The Philippine Department of Environment and Natural Resources (DENR) says it has made it clear to the negotiators of the agreement that if waste items -- not goods -- are coming in, the Department should control the materials under the terms of the Basel Convention, which aims to limit the trans-boundary movement of hazardous waste.
"We said, 'wastes are not goods,' so we don't trade waste, very simple. Electronic wastes are not goods," says Salvador Pace, of the DENR. But nowhere is the Basel Convention mentioned in the final agreement between Japan and the Philippines.
Japan's National Institute for Environmental Studies estimates that, on average, about 400,000 used cathode ray tube (CRT) television sets are exported from Japan to the Philippines annually. But government data show less than 800 used TVs arriving from Japan between 2006 and 2009, and only 10 in 2009.
"If we bring in lead CRTs, they are waste. Glass monitors are dinosaurs, nobody recycles the glass anymore," says Gutierrez, questioning the "goods" label assigned to the old sets.

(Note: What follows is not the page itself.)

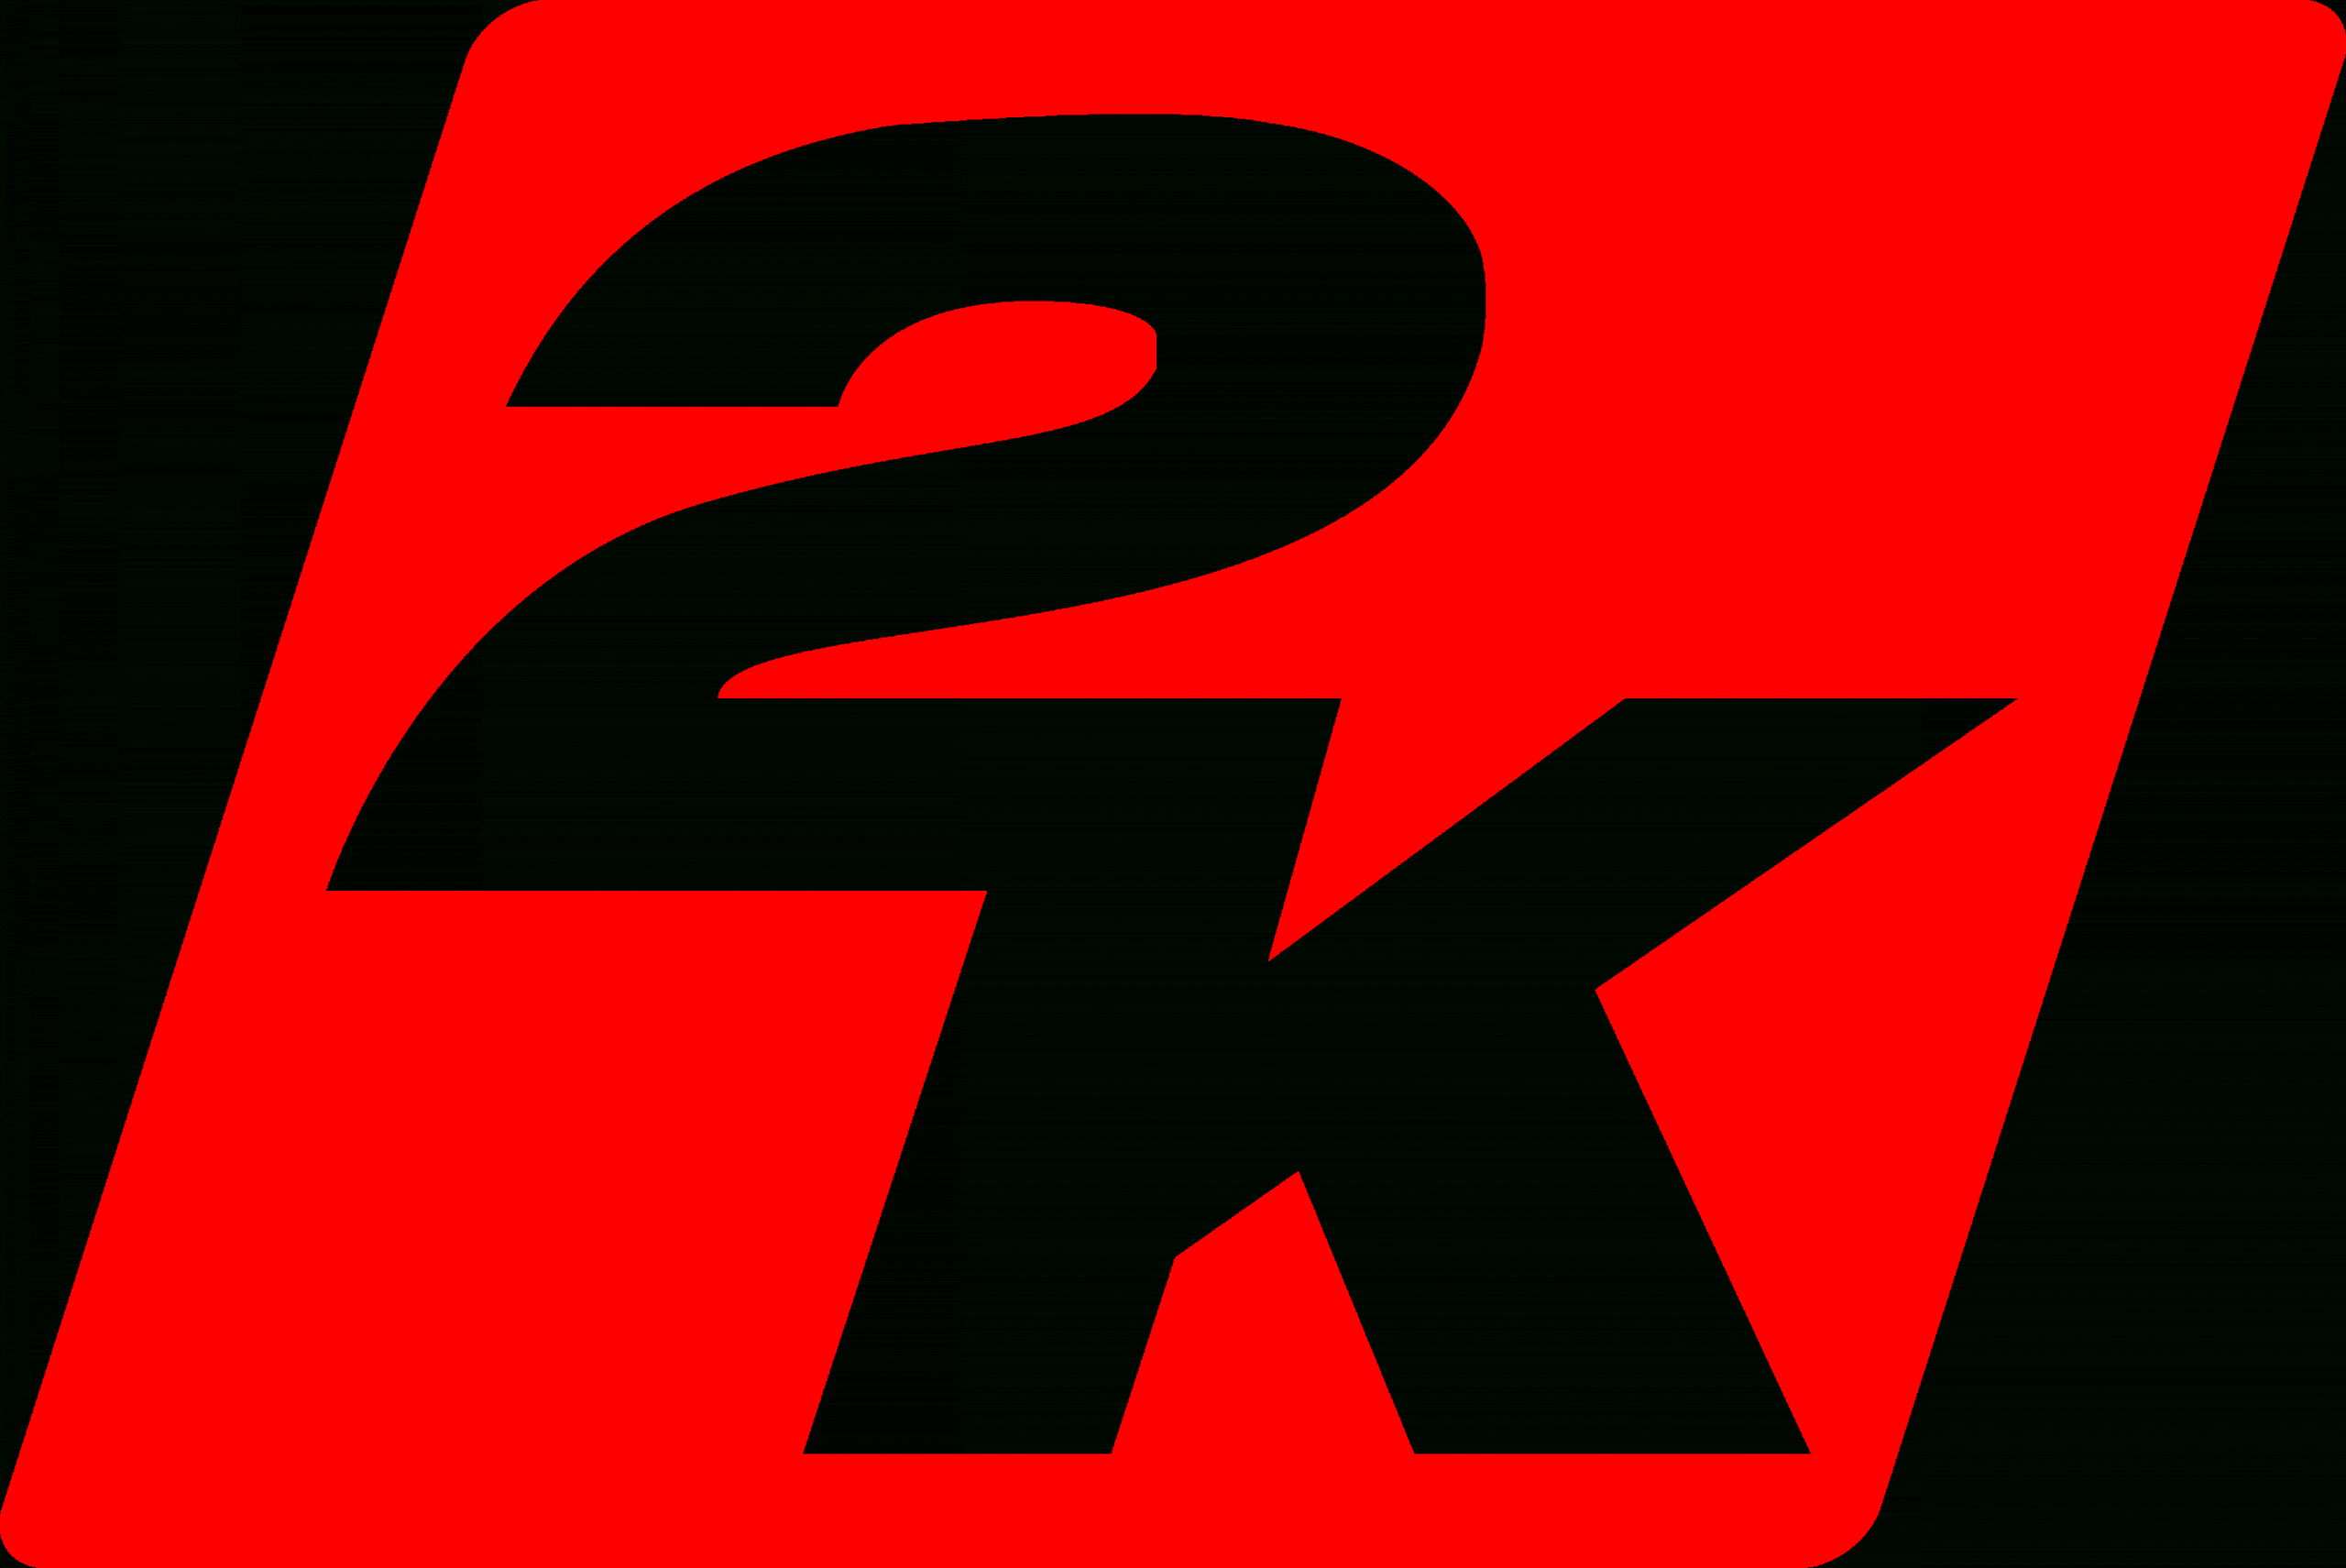 15 2k Logo Transparent 2k Games Logos Games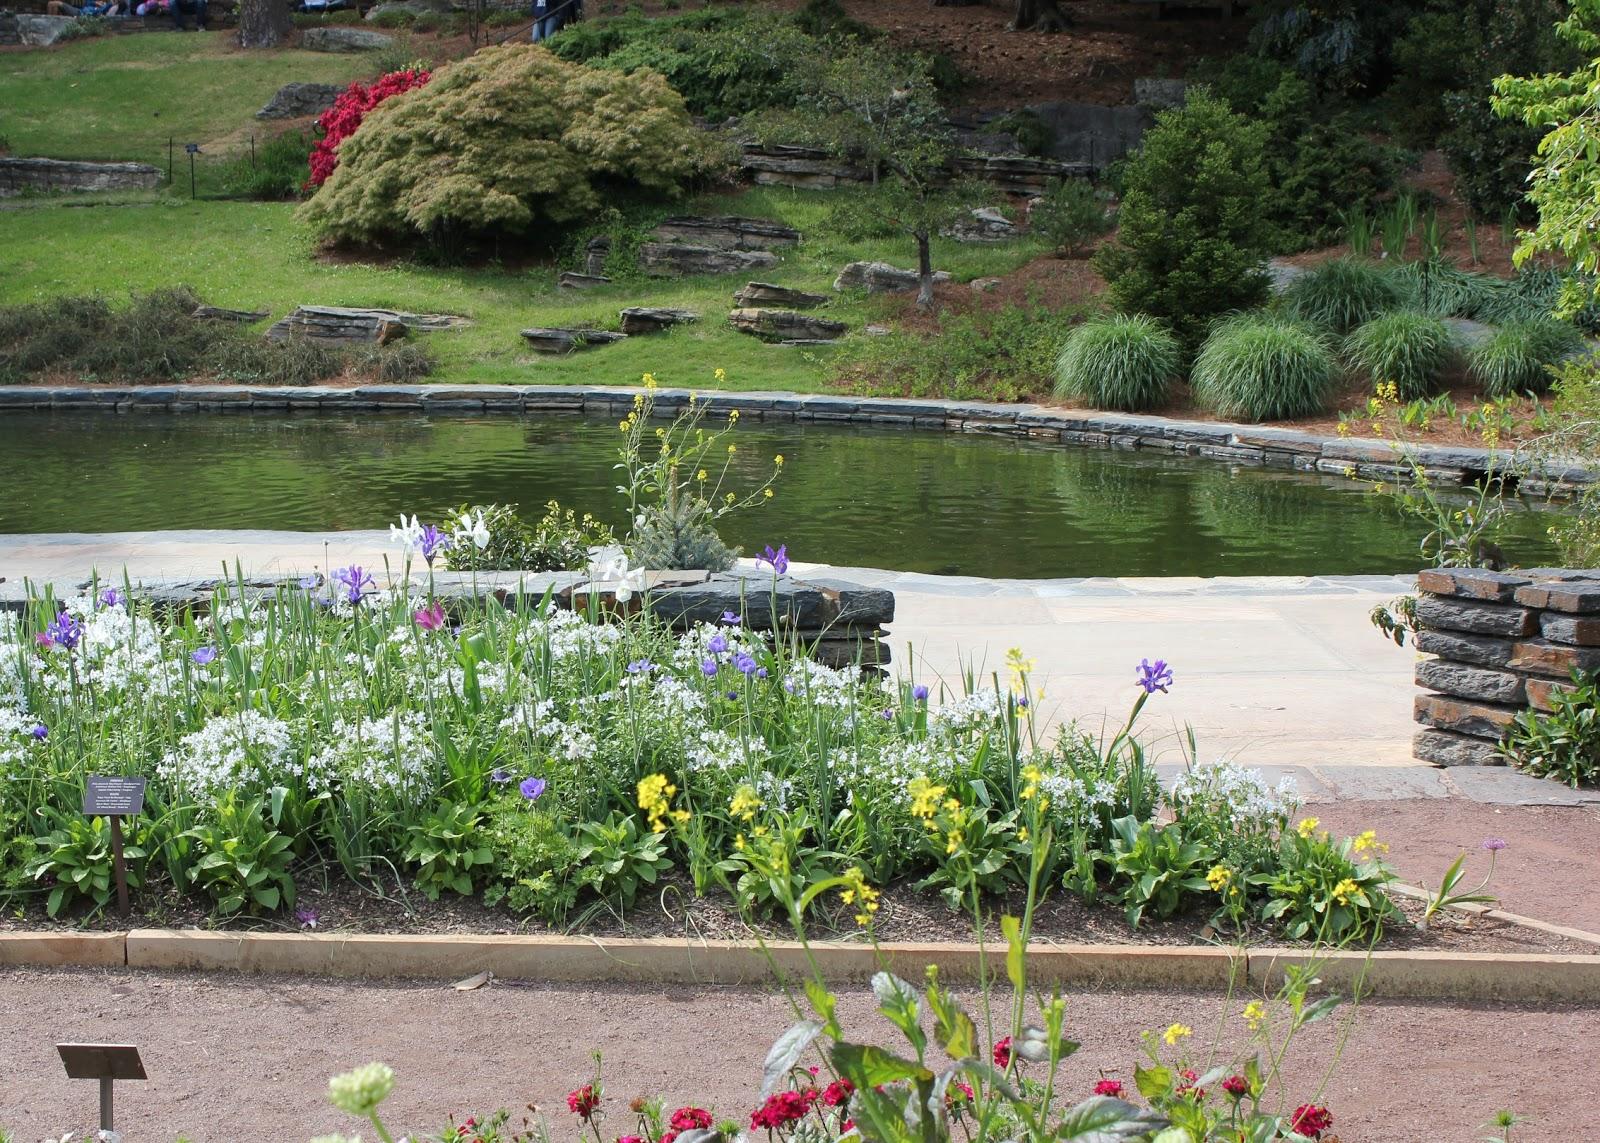 The wildlife garden in the h l blomquist garden of native plants - The Wildlife Garden In The H L Blomquist Garden Of Native Plants 1

The previous administration of Gloria Macapagal-Arroyo hailed JPEPA as a landmark agreement to boost the Philippine economy and bring more jobs to Filipinos, touting the hundreds of nurses who have gone to Japan for training and employment.
The current president, Benigno Aquino III, objected to JPEPA when he was a senator, but has said his administration will review the agreement.
"Is it really the national plan that we become a dumpsite? Is it sustainable development? When you're creating employment and investment, it shouldn't harm people," admonishes Gutierrez.
For Dalisay, however, it's as simple as survival. "It's very exhausting. You're back is bent all day, sometimes it's too hot, sometimes it rains really hard. There's all kinds of dirt. But it's our job, we have no choice."